The approach normalizes weights block-wise to a unit hypersphere, applies a Walsh-Hadamard rotation to make coordinates approximately Gaussian, then quantizes using centroids matched to that Gaussian distribution.
Ablation results show Hadamard rotation alone drives about 98% of the quality gains, improving Qwen3.5-9B perplexity from 6.90 (absmax Q5) to 6.40 (very close to FP16, with Δ = +0.03) without calibration data.
PolarQuant also serves as a preprocessing step that improves downstream INT4 quantization (torchao INT4), achieving lower perplexity (6.56 vs 6.68) while keeping strong throughput (43.1 tok/s at ~6.5 GB VRAM).
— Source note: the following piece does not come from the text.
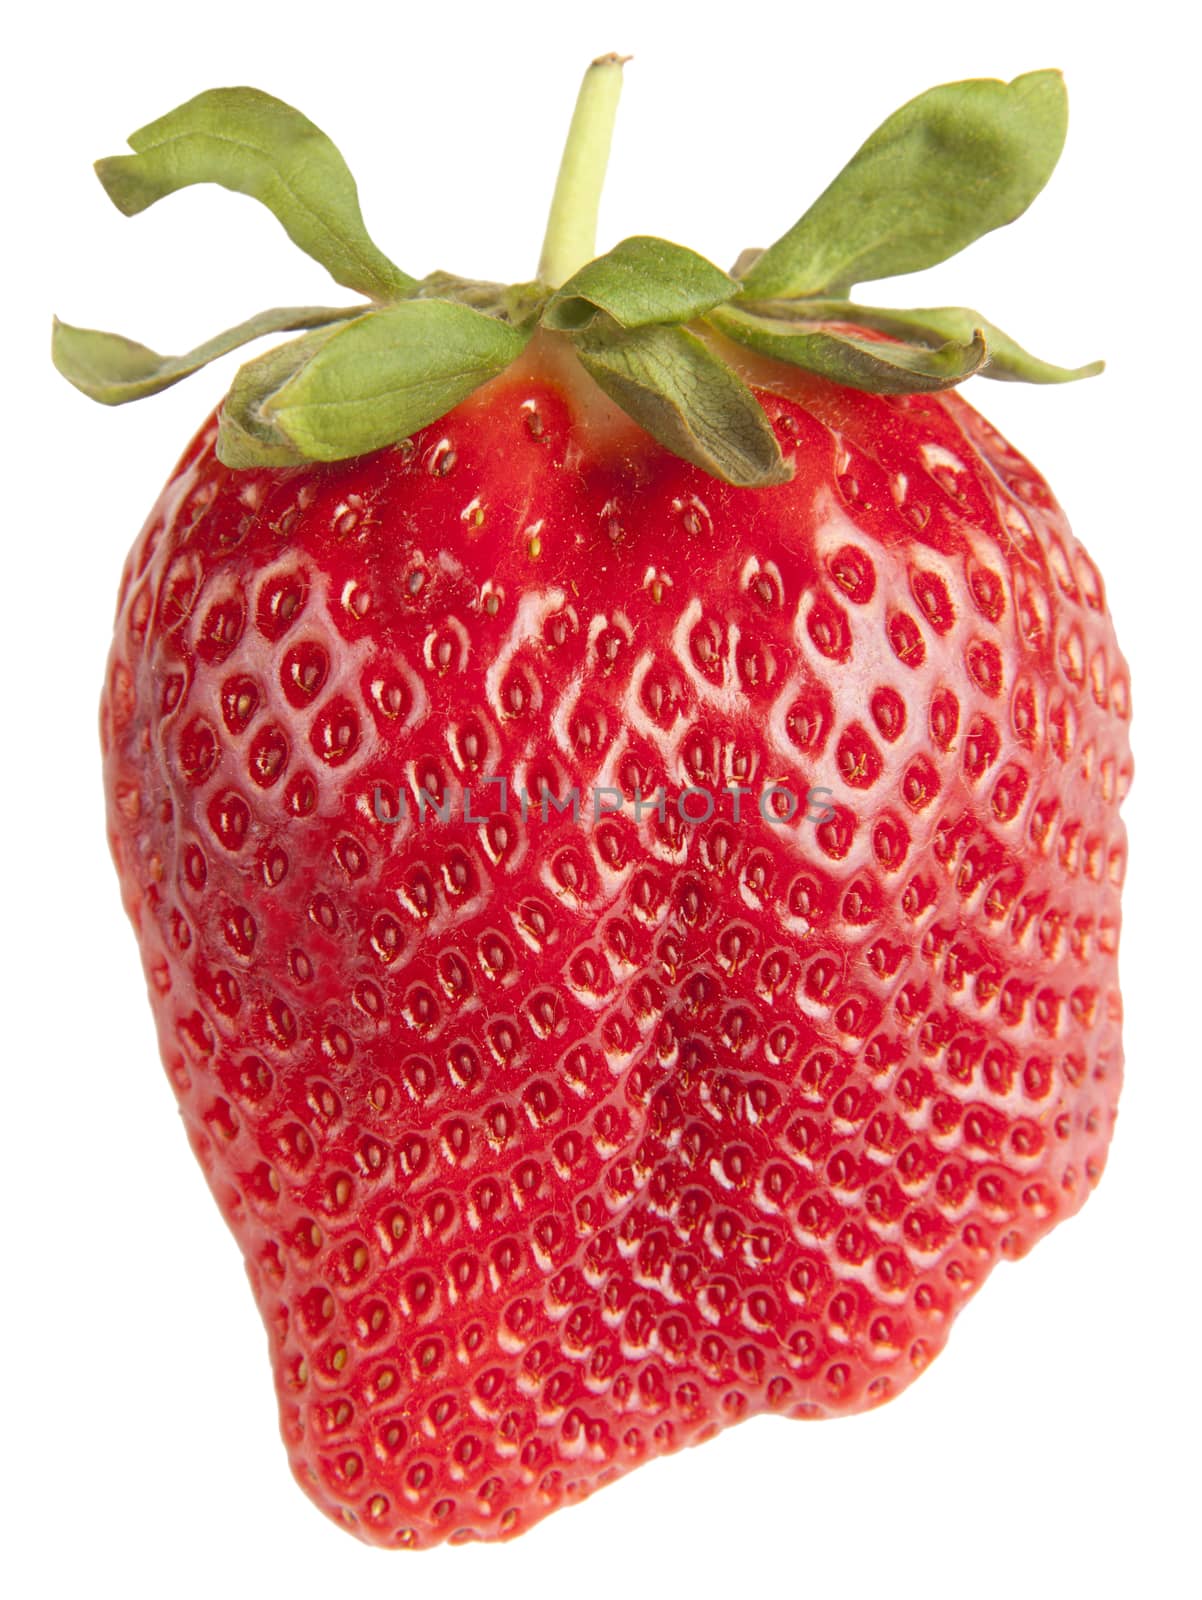 Single Strawberry Isolated on White Background

The authors provide public code and models, indicating the method is intended to be directly testable and reusable in compression/quantization pipelines.

Abstract

We present PolarQuant, a post-training weight quantization method for large language models (LLMs) that exploits the distributional structure of neural network weights to achieve near-lossless compression. PolarQuant operates in three stages: (1) block-wise normalization to the unit hypersphere, (2) Walsh-Hadamard rotation to transform coordinates into approximately Gaussian random variables, and (3) quantization with centroids matched to the Gaussian distribution. Our ablation reveals that Hadamard rotation alone accounts for 98% of the quality improvement, reducing Qwen3.5-9B perplexity from 6.90 (absmax Q5) to 6.40 (Delta = +0.03 from FP16), making it practically lossless without any calibration data. Furthermore, PolarQuant functions as an effective preprocessing step for downstream INT4 quantizers: PolarQuant Q5 dequantized and re-quantized by torchao INT4 achieves perplexity 6.56 versus 6.68 for direct absmax INT4, while maintaining 43.1 tok/s throughput at 6.5 GB VRAM. Code and models are publicly available.